TASK ITEM: If a line in the records below holds the word "Foto", copy it.

= = = = = = =

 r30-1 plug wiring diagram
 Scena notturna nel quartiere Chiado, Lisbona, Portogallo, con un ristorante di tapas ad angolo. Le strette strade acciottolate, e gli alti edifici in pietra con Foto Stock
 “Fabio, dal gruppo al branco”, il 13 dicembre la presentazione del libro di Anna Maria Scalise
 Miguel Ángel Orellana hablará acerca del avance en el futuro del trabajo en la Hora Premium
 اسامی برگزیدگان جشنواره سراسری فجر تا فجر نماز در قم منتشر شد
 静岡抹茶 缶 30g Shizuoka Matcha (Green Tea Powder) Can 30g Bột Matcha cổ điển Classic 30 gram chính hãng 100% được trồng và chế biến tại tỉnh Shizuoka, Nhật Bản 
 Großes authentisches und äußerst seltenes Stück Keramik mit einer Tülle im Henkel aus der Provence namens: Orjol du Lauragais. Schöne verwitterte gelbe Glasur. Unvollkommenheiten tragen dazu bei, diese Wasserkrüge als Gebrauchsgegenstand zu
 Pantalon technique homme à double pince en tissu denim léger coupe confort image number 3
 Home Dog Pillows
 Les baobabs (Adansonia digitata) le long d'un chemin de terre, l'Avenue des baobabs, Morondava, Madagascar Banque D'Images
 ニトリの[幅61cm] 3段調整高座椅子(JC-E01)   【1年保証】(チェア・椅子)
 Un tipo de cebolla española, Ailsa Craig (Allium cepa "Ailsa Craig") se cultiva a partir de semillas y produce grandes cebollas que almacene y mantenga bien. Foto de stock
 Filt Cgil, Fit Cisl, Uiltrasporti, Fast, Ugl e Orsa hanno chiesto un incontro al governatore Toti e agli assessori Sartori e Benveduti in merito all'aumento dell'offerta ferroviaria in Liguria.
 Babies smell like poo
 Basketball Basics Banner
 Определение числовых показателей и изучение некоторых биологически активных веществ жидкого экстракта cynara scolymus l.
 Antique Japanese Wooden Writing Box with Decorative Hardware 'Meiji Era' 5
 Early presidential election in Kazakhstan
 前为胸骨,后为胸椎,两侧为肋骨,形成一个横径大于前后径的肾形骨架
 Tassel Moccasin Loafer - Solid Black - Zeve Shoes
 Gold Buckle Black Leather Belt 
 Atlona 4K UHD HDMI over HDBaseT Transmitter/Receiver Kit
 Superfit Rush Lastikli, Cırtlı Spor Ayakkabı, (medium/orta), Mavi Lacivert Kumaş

= = = = = = =

PROBLEM SOLUTION:
 Scena notturna nel quartiere Chiado, Lisbona, Portogallo, con un ristorante di tapas ad angolo. Le strette strade acciottolate, e gli alti edifici in pietra con Foto Stock
 Un tipo de cebolla española, Ailsa Craig (Allium cepa "Ailsa Craig") se cultiva a partir de semillas y produce grandes cebollas que almacene y mantenga bien. Foto de stock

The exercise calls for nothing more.